章玉鸣抬眼看了那女子一眼,是一张十分陌生的脸,前世应当未见过,他便不再关注,“举手之劳。你伤势不轻,自行处理吧。”
话音落,他便转身离去,早知是位女子他便不该来的,徒生事端,手捂住左臂的伤口,这下好了,不知怎么跟姜渔解释。
那双儿若是知道他又多管闲事,少不得又要生气。
萧清娆见他说走就走,本欲再说些什么,张口却猛地咳出一口血来。原以为今日要命丧此处,未曾想还有这般转机。她眼神一冷,旋即又勾唇,摸出怀中承天令——还好这东西还在,不然她的好殿下该着急了。
找了个医馆随意包扎一番,天色早已落下帷幕,章玉鸣本想直接回村,却担心姜渔万一在镖局等便脚步一转往镖局去。
门口挂着两盏灯笼未熄,这人果真未回。
见他回来,姜渔打量这人一番,凑近闻了闻,这次倒是没有脂粉味了,就是怎的一股血腥气。
“你受伤了?”姜渔皱眉。
“没有。”章玉鸣揽过他,又牵起一旁因他这话而满脸担忧的姜溯言,“只是去了趟医馆,沾了别人的血气。”
“你只托人传话说要去趟青楼,却没说去做什么。”自从姜渔明白“睡觉”不是真睡觉后,看章玉鸣看得格外紧。
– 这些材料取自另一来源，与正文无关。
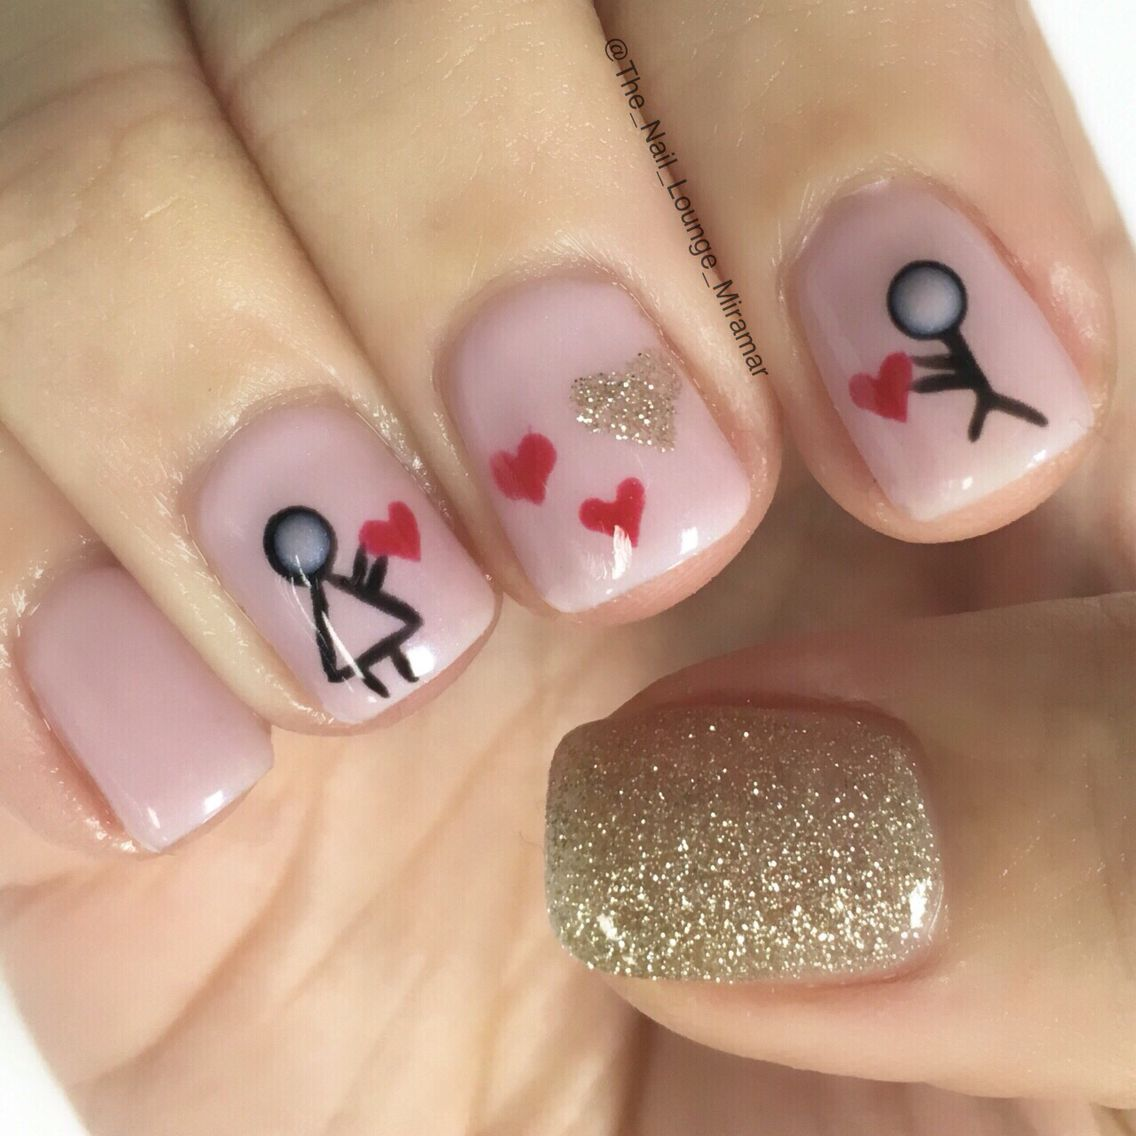 Valentines Stick Figure Love Nail Art Design Valentines Nails Nail Art Hacks Nail Art Designs

他眼里可是容不得半粒沙子,绝对不会步自己阿爹的后尘。
“阿怜姑娘托我办了件事。”他不想把那女子的事告诉姜渔,免得这人吃醋刨根问底,伤口便瞒不住了。那伤不算深,以他的身子用不了几日便能痊愈,不必告诉他,平白让他担心。
“什么事?”姜渔追着问,“你是不是瞒着我些什么,怎么跟这位阿怜姑娘交情这般深厚了?”
他未曾见过阿怜,并不知道这人是何许人也,心中警惕更深。
“说的什么话。”章玉鸣纠正他,“什么叫做交情深厚,不过是她出银子我出力气罢了,莲花楼出事了,我去帮她救了个姑娘。”如此便也不算说谎。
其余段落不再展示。